# WP7 ROM based on AOSP or CM7



## NickxxSfk (Dec 20, 2011)

So this may sound odd to some of you but I used to enjoy the WP7 look quite a bit. Now if I took the base of a CM7 or AOSP ROM and added a bunch of WP7 apps and launcher and changed the interface a bit. Would anyone be interested in it? If so. What base would you like?

Sent from my Desensed Tbolt


----------



## Ameshican (Jun 10, 2011)

I'd definitely be interested in that. As for a base, I'm a pure Android fan so I'd lean towards an updated OMGB base but CM7 speaks for itself in terms of stability. Don't think you can go wrong with either. Not sure if that helps ha ha

Sent from my ADR6400L using RootzWiki


----------



## droid future (Jul 25, 2011)

This sounds like something I would love to try out. I like to try out all kinds of new stuff on my phone. OMGB base. CM7 is pretty stable too.
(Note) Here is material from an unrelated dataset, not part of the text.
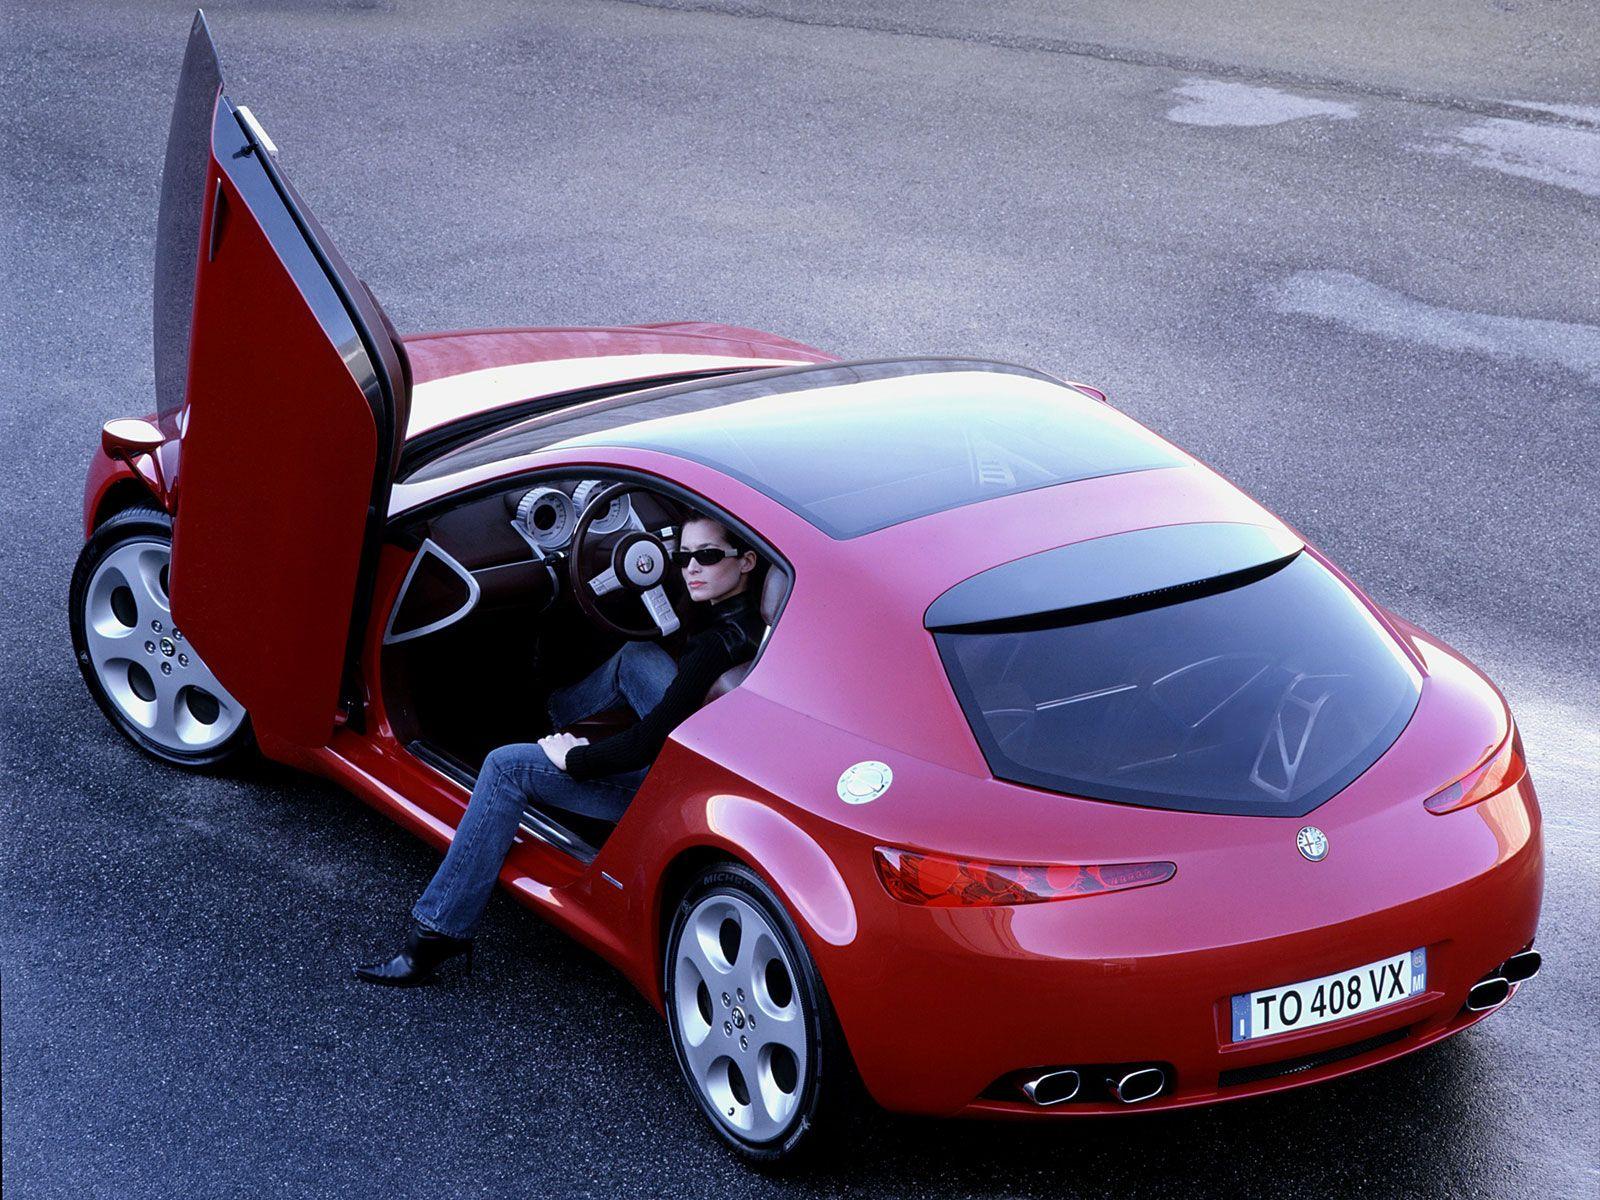 Les concepts ItalDesign Alfa Romeo Brera 2002

Sent from my rabbit hole using my carrotbolt.


----------



## chefthomas99 (Aug 4, 2011)

Yes sir!

Sent from my ADR6400L using RootzWiki


----------



## jwort93 (Oct 10, 2011)

This is something ive always wanted. It would be fantastic! I've been using apps like Launcher7 and such, but it never felt complete.

Sent from my ADR6400L using RootzWiki


----------



## DoubleDeesR4Me (Nov 30, 2011)

Always down for something new man!

Sent from my ADR6400L using Tapatalk


----------



## SP-JESTER (Dec 2, 2011)

IF THEY CAN MAKE A IHERO PORT THEY CAN MAKE THIS


----------



## NickxxSfk (Dec 20, 2011)

SP-JESTER said:


> IF THEY CAN MAKE A IHERO PORT THEY CAN MAKE THIS


What are you talking about? Lol. And I gotta get my OMGB going with admiralspark or get permission on someones CM7 base before I try this. Possibility for tonight or tomorrow maybe with CM7. If its OMGB it'll most likely take longer 
Sent from my Desensed Tbolt


----------



## NickxxSfk (Dec 20, 2011)

This is coming tomorrow guys almost 100% positive. 
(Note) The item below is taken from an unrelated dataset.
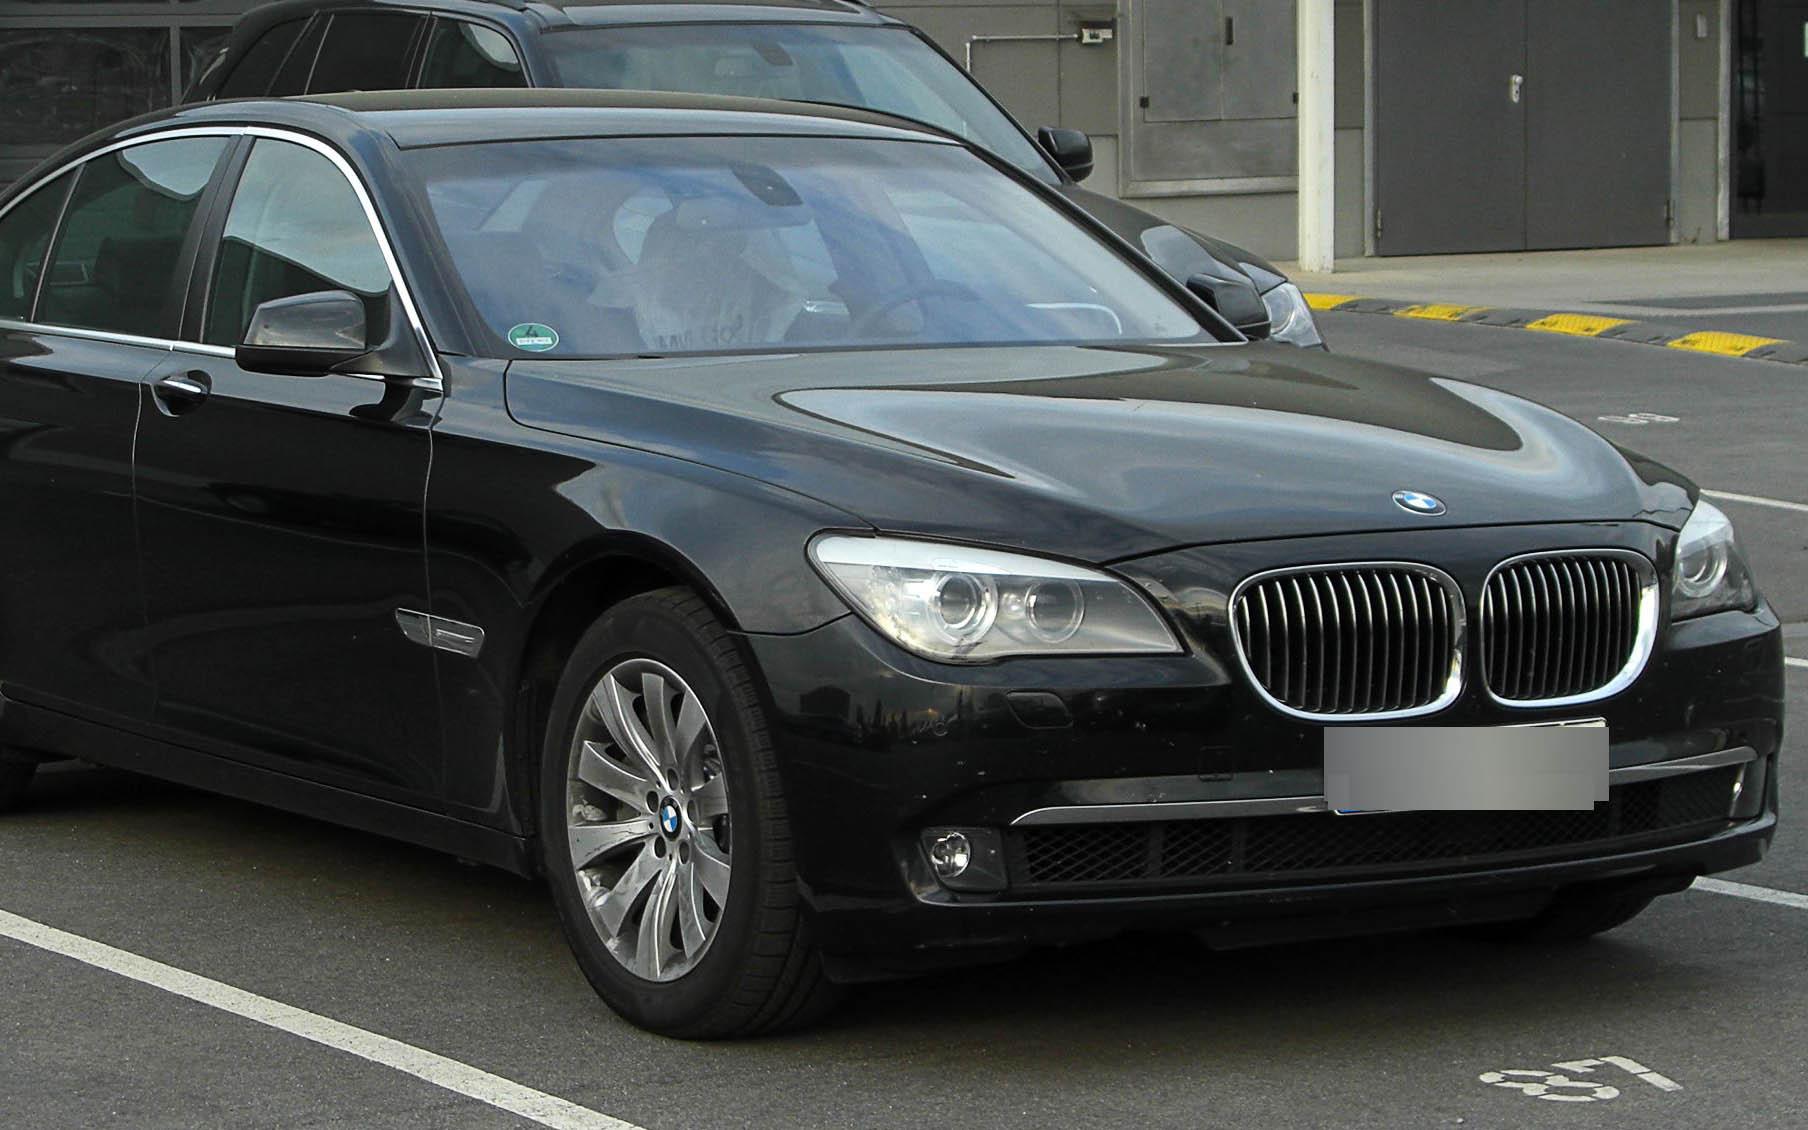 BMW 760I – 2012 GUARD Бронированный B6/B7

Sent from my Desensed Tbolt


----------



## DoubleDeesR4Me (Nov 30, 2011)

Stoked!

Sent from my ADR6400L using Tapatalk


----------



## admiralspark (Sep 26, 2011)

Nick, this sounds like an awesome idea...however....
there is the issue of app compatibility. Zero WinPhone7 apps will work in android. Android uses a linux kernel that supports a special java dalvik environment that is very different from standard java bytecode. WinPhone apps not only use their proprietary libraries (or Oracle-license proprietary libraries), but syscalls to the kernel will have absolutely no interpretation between the Windows CE kernel and the Linux megakernels. 
This means, you'd have to literally rewrite the code in the apps to make it work








BUT
building an android environment with a WinPhone7 gui environment would be kinda pretty sick. It would take coding....lots of coding....


----------



## NickxxSfk (Dec 20, 2011)

admiralspark said:


> Nick, this sounds like an awesome idea...however....
> there is the issue of app compatibility. Zero WinPhone7 apps will work in android. Android uses a linux kernel that supports a special java dalvik environment that is very different from standard java bytecode. WinPhone apps not only use their proprietary libraries (or Oracle-license proprietary libraries), but syscalls to the kernel will have absolutely no interpretation between the Windows CE kernel and the Linux megakernels.
> This means, you'd have to literally rewrite the code in the apps to make it work
> BUT
> building an android environment with a WinPhone7 gui environment would be kinda pretty sick. It would take coding....lots of coding....


Thanks for the input. But honestly I'm just taking CM7 and adding in some wp7 Android apps and a theme and sending it out with MAYBE a few tweaks. No where near rewriting any code at all. Lmao

Sent from my Desensed Tbolt


----------



## chefthomas99 (Aug 4, 2011)

NickxxSfk said:


> This is coming tomorrow guys almost 100% positive.
> 
> Sent from my Desensed Tbolt


You work fast.

Sent from my ADR6400L using RootzWiki


----------



## NickxxSfk (Dec 20, 2011)

Pssssst...its over in the dev forum now


----------